In a recent case from the 10th Circuit Court of Appeals, an employee’s comments on Facebook played a key role in the employee’s termination and the employer’s defense of the employee’s retaliation claim.  In Debord v. Mercy Health System of Kansas, the employee made three public comments on Facebook during a single workday.  The employee posted about: being paid $600 for hours she did not work; her boss being a “snake;” and her boss needing to “keep his creepy hands to himself.”  When HR became aware of the comments, it undertook an investigation.  During the investigation, the employee declined to file a formal sexual harassment complaint.  Nevertheless, HR interviewed the employee’s boss and other employees and determined that the boss had not violated the employer’s harassment policy.

The investigation also initially revealed that the employee’s complaints about pay were false.  During the investigation, the employer also discovered that the employee was sending text messages to other employees in which she was discussing the investigation and in which she accused her boss of destroying evidence (although HR previously told the employee that it had collected all evidence related to the overpayment issue).  Ultimately, the employee was fired for dishonesty, disrupting the workplace, and inappropriate behavior.  The employee sued claiming she was sexually harassed and fired in retaliation for complaining about the harassment. The employer obtained summary judgment from the District Court and the employee appealed.
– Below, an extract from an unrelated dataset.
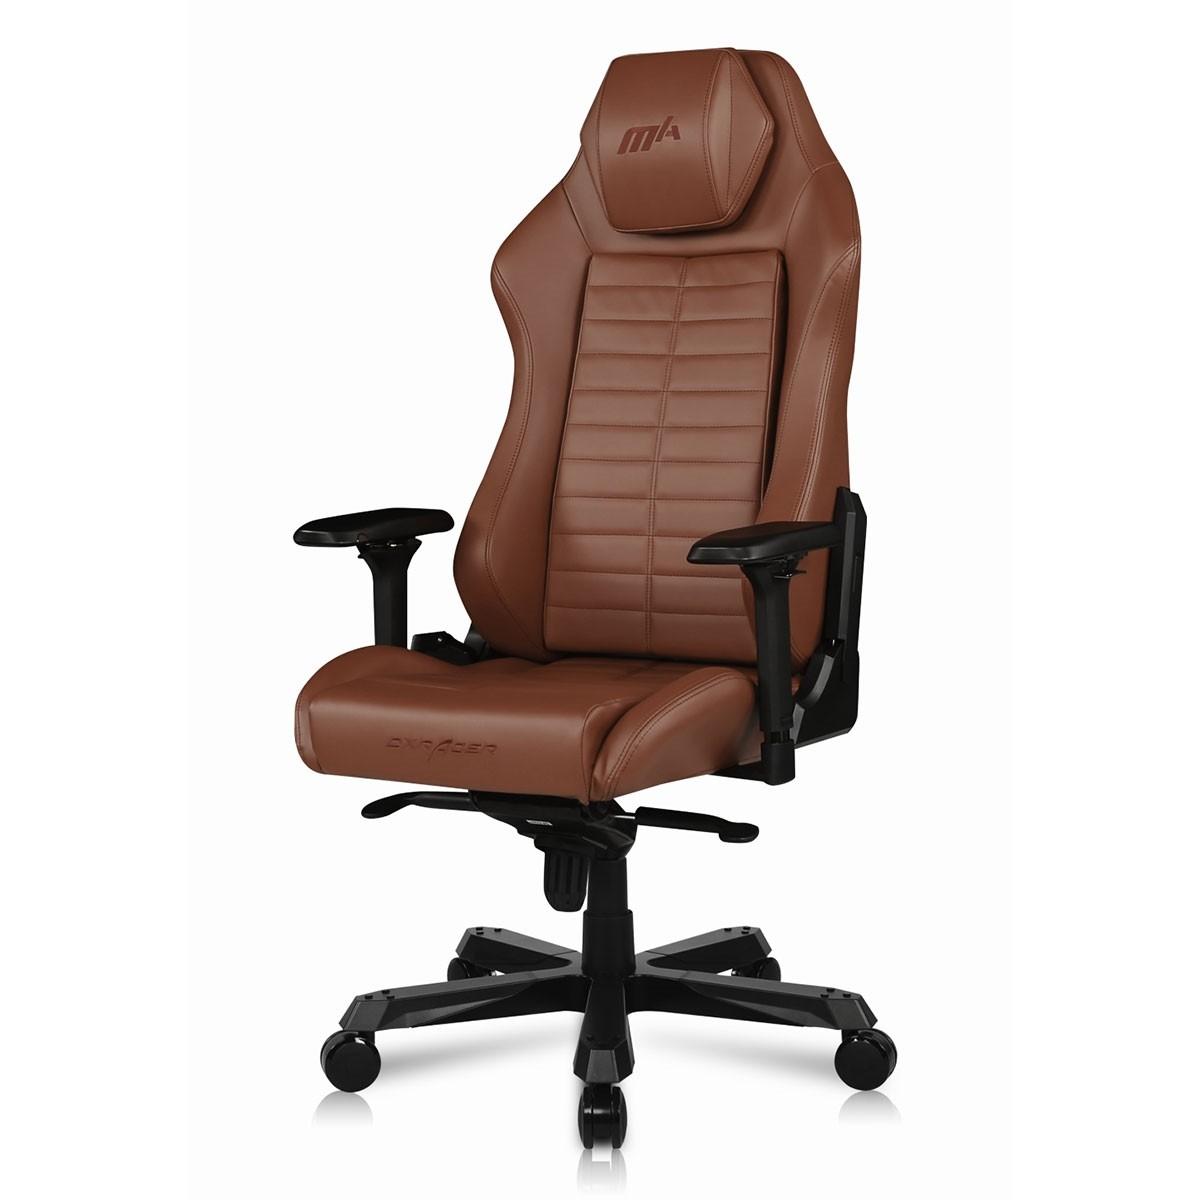 Cadeira Master DM1000 Max Brown I-Series - DXRACER

One of the arguments that the employee made on appeal was that her Facebook post constituted a complaint about sexual harassment, and that she was fired in retaliation for such post.  The Court of Appeals disagreed, finding that the Facebook post “was not in accordance with [the employer’s] otherwise flexible reporting system for sexual harassment complaints” and that the post did not provide notice to the employer because the employer only became aware of the Facebook post when the employee’s boss brought it to HR’s attention.  Further, the employee declined to file a formal complaint based on the Facebook post (suggesting that the employee did not have a legitimate complaint about harassment).   On this ground, the Court affirmed summary judgment for the employer.  http://www.ca10.uscourts.gov/opinions/12/12-3072.pdf

Based on the 10th Circuit’s decision, an employer who becomes aware of social media content that suggests an employee is being harassed should take action to investigate, just as it would if it learned about harassment “in person” from an employee or other source.